» **Dataset excerpt**:
____________

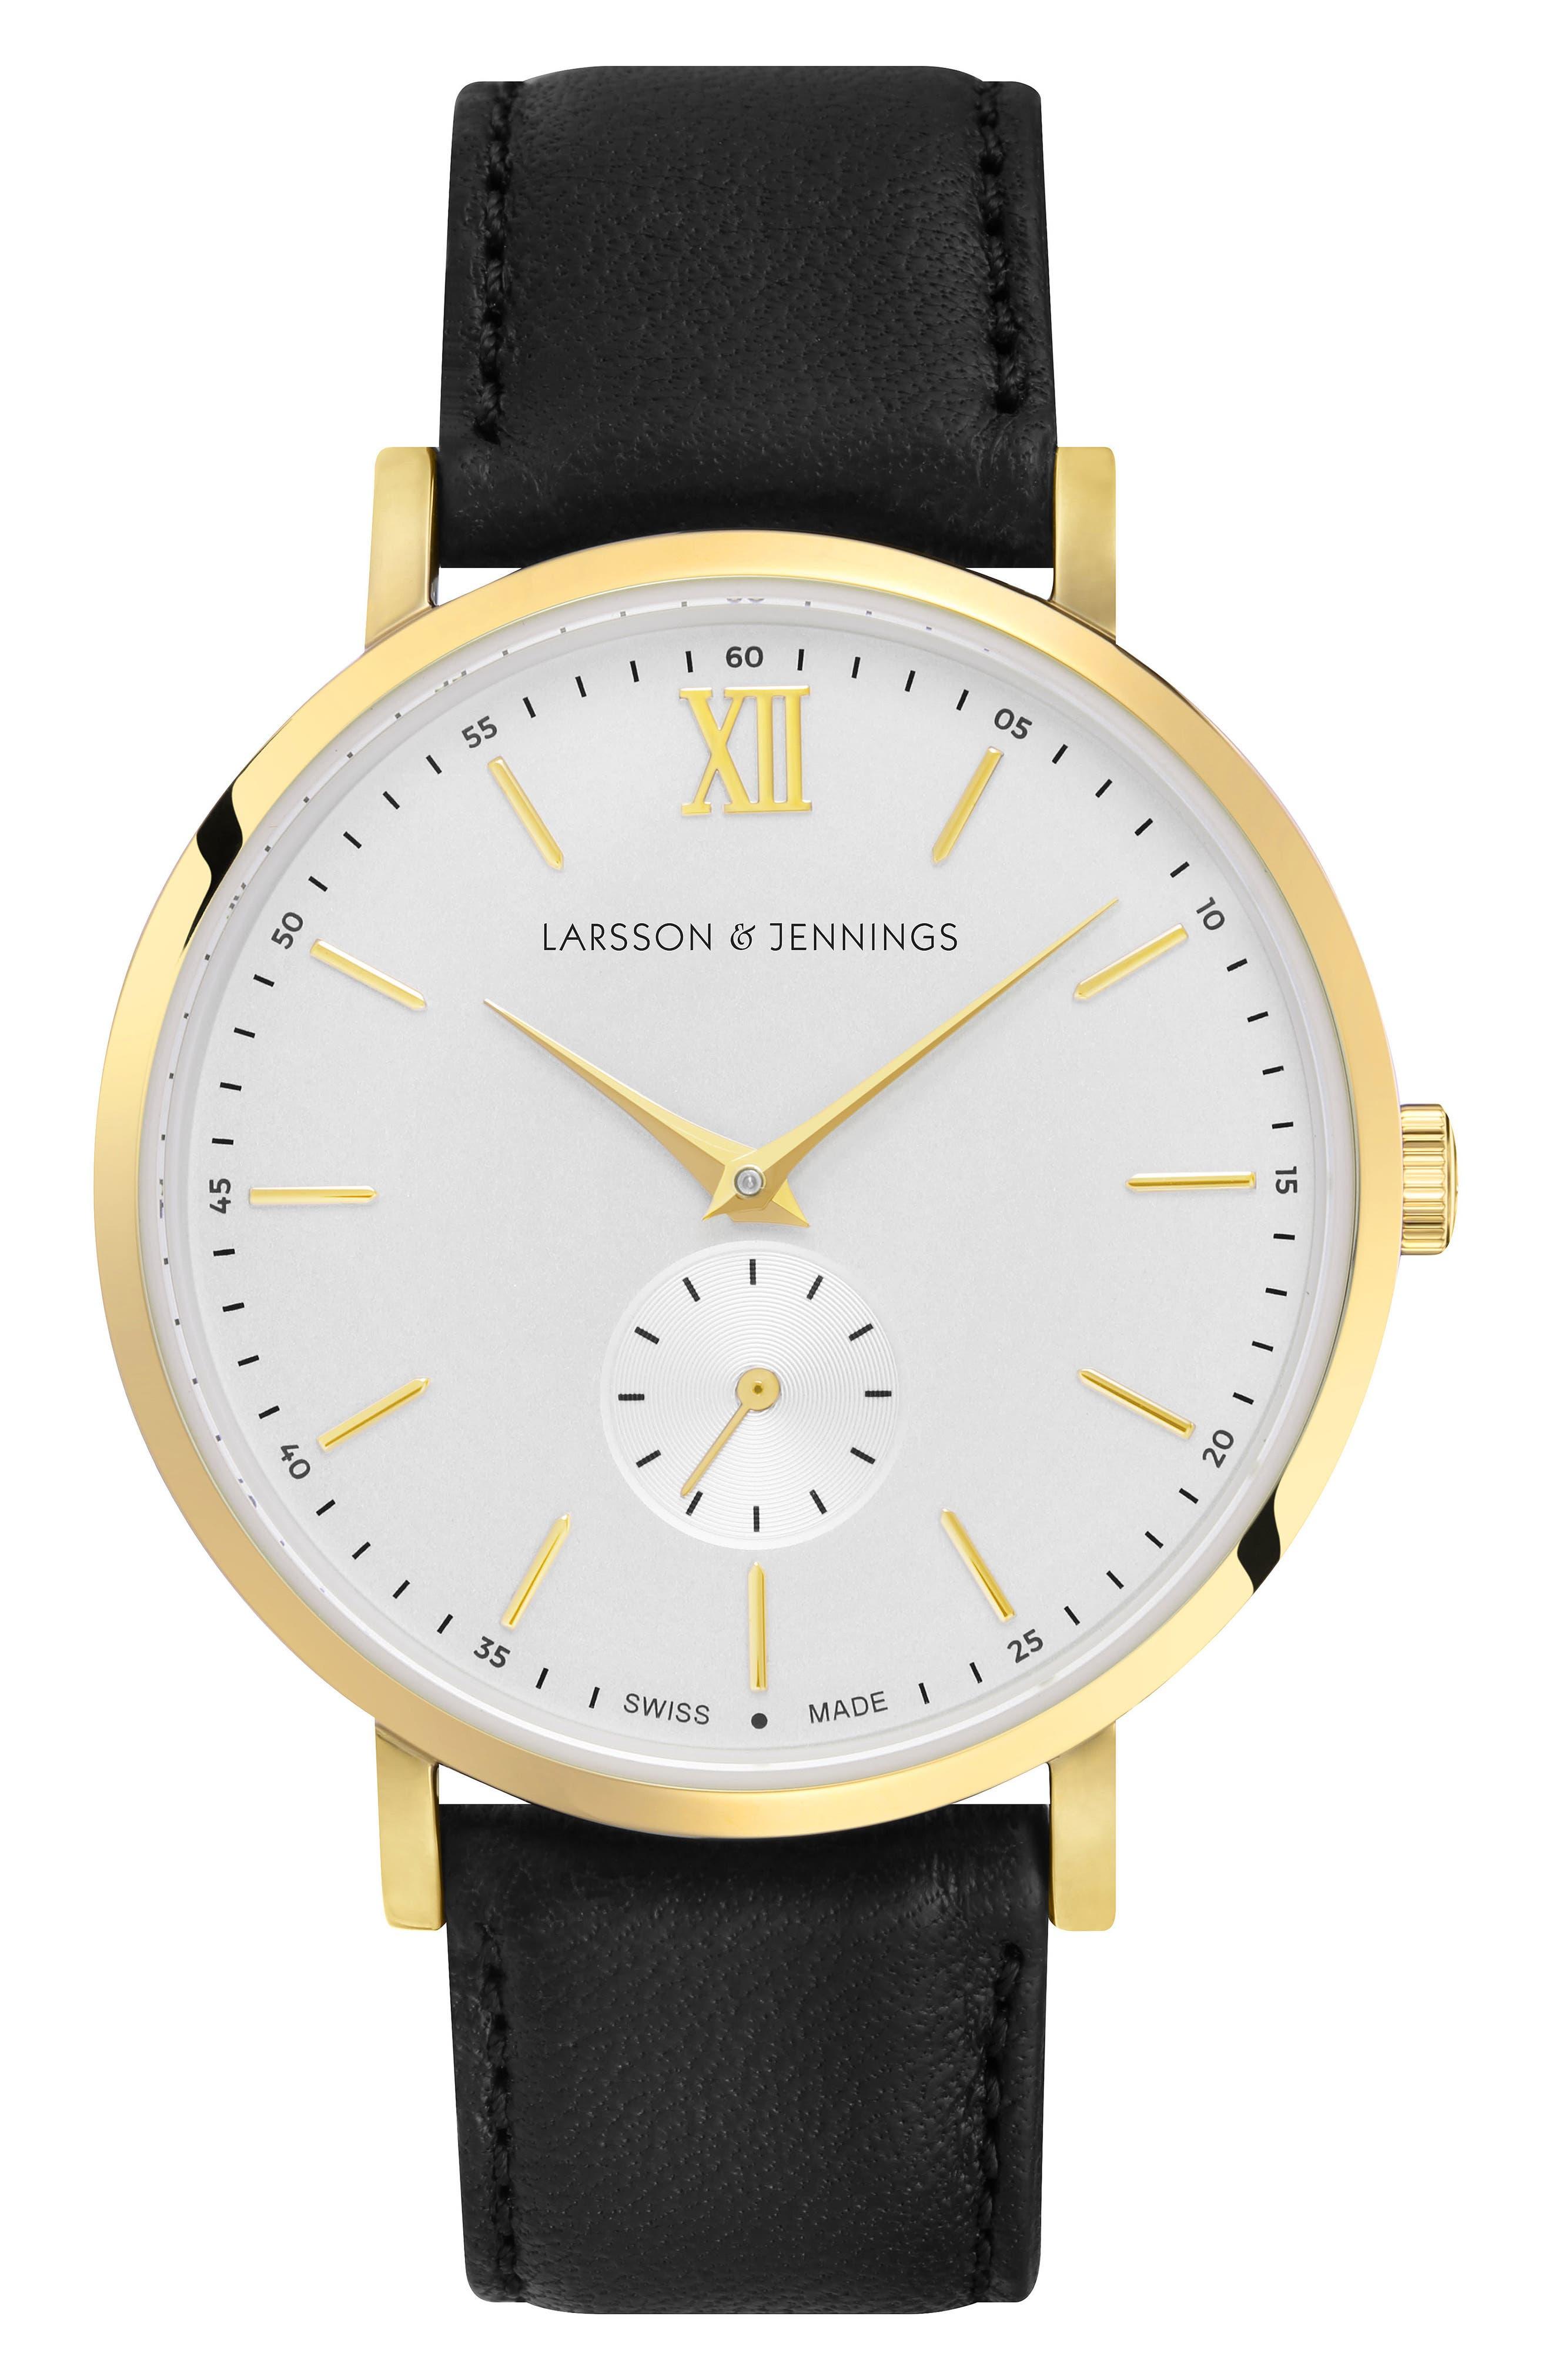 LARSSON & JENNINGS, Lugano Leather Strap Watch, 38mm, Main thumbnail 1, color, 001
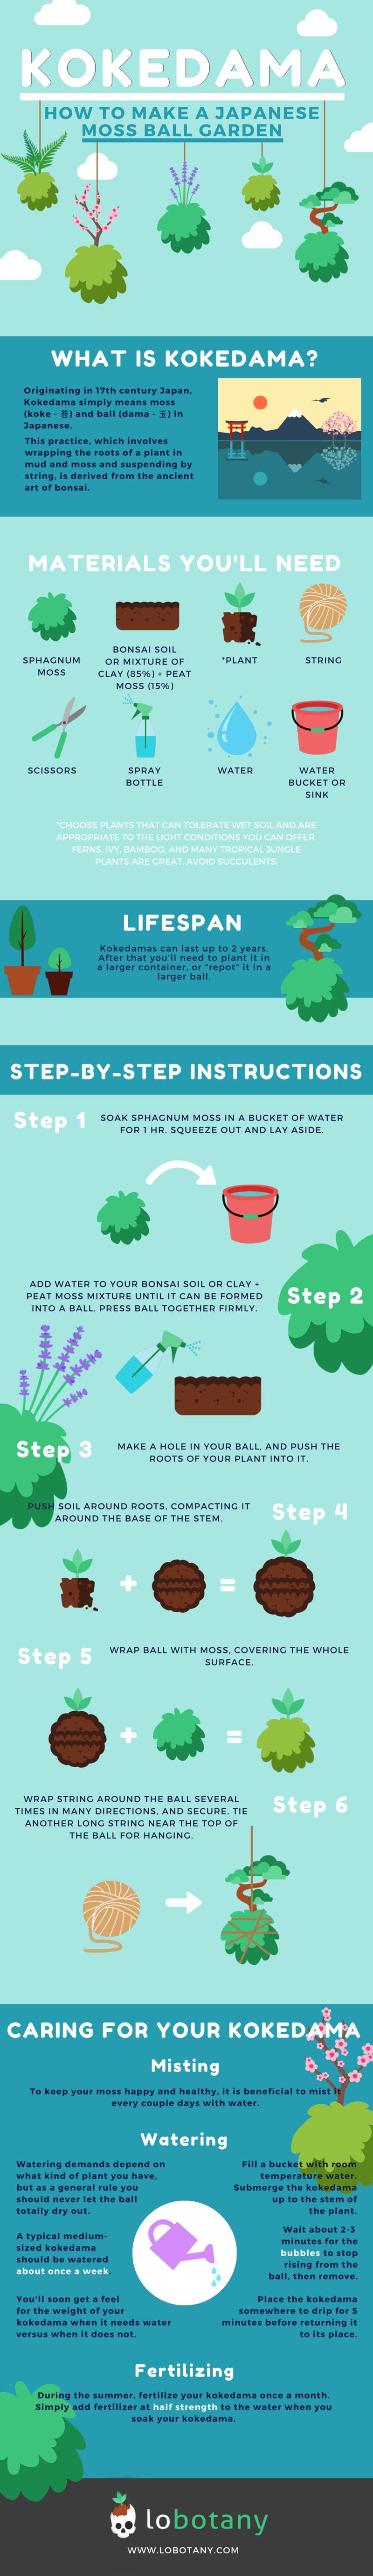 DIY kokedama infographic how to make Japanese moss ball garden
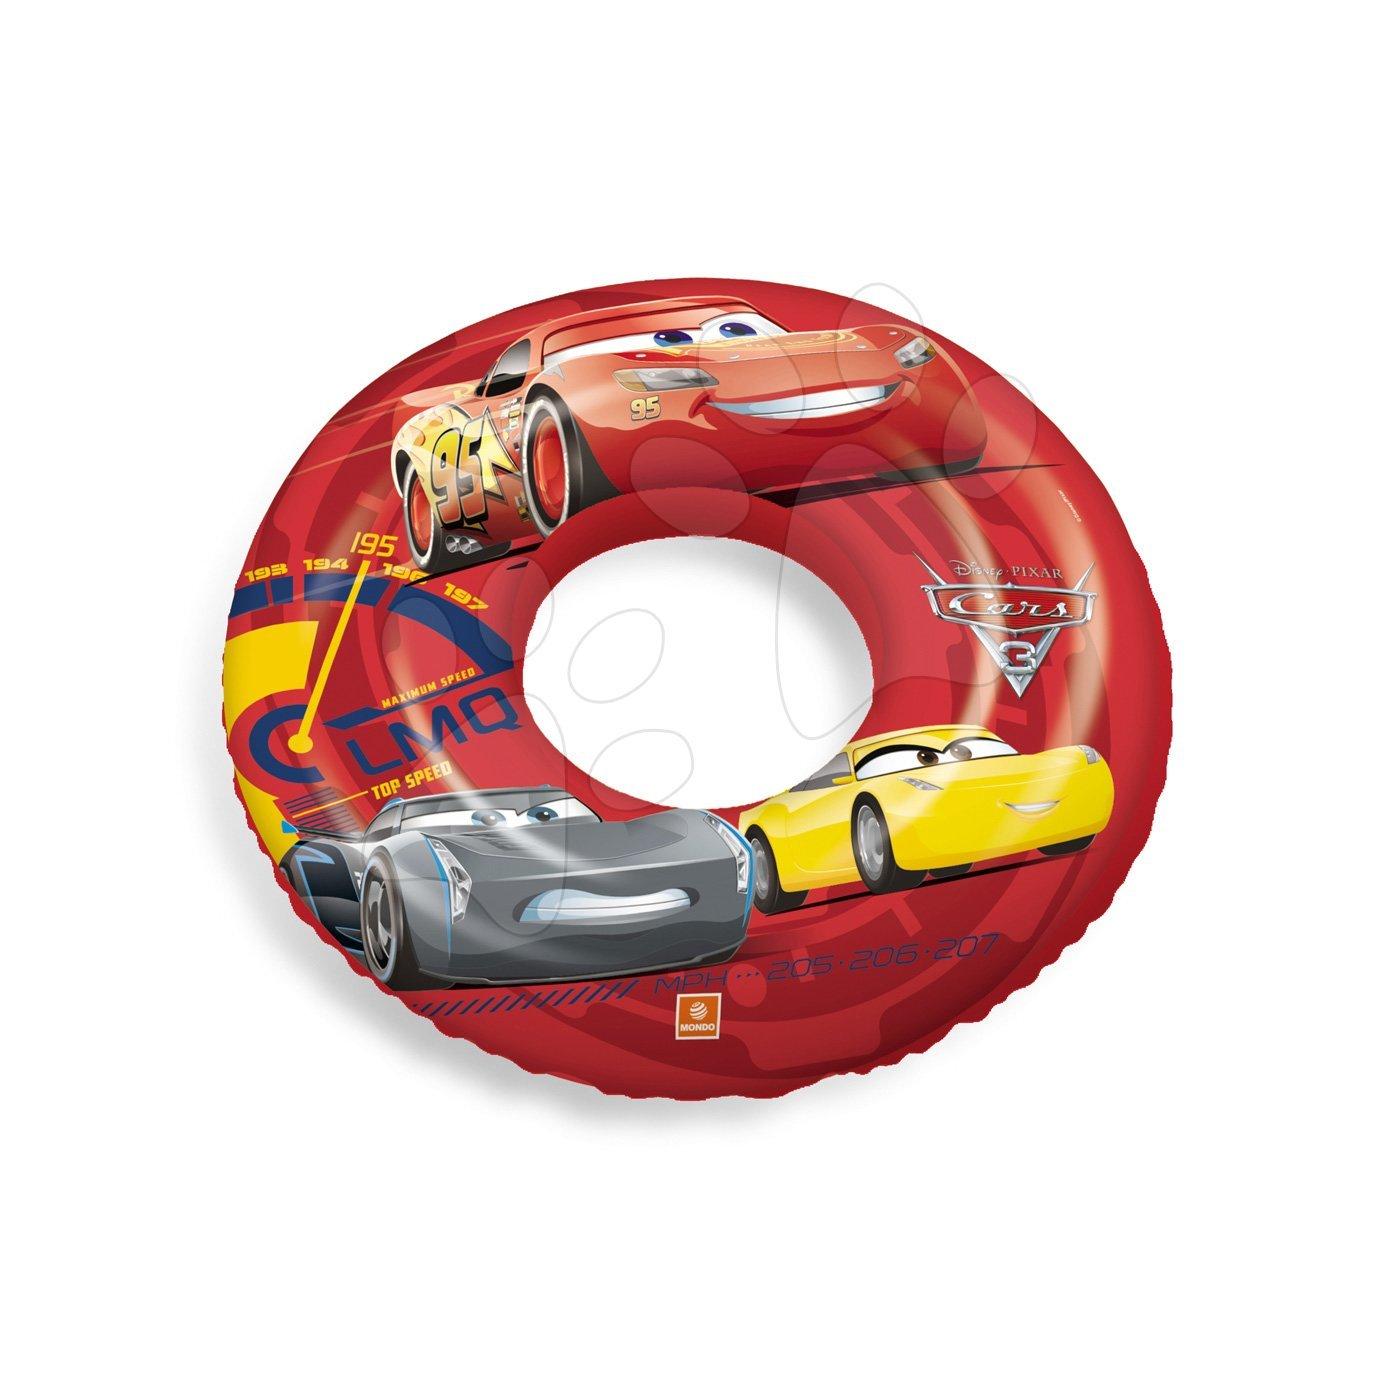 Plavací kruh Auta  Mondo 50 cm od 3 let
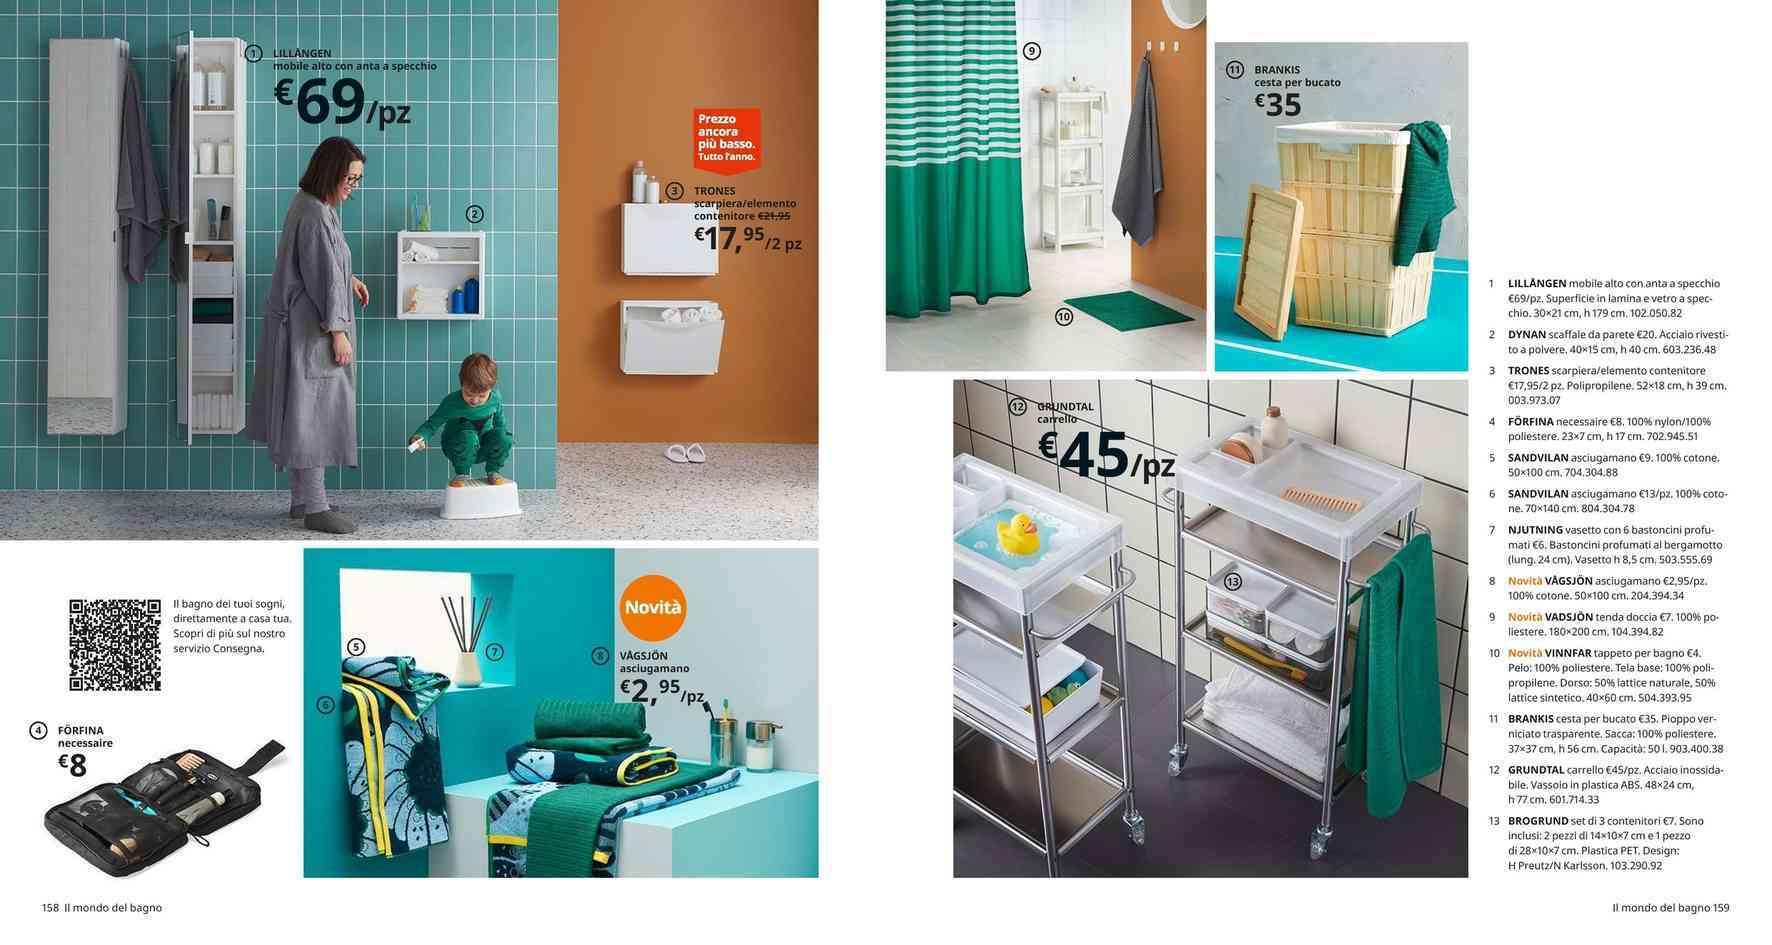 Cesta Bucato Leroy Merlin offerte tenda doccia, negozi per arredare casa - promoqui

____________

» **What needs to be done**:
Output the lines above in full and exactly. Leave out every picture.

» **Task answer**:
 LARSSON & JENNINGS, Lugano Leather Strap Watch, 38mm, Main thumbnail 1, color, 001
 DIY kokedama infographic how to make Japanese moss ball garden
 Plavací kruh Auta  Mondo 50 cm od 3 let
 Cesta Bucato Leroy Merlin offerte tenda doccia, negozi per arredare casa - promoqui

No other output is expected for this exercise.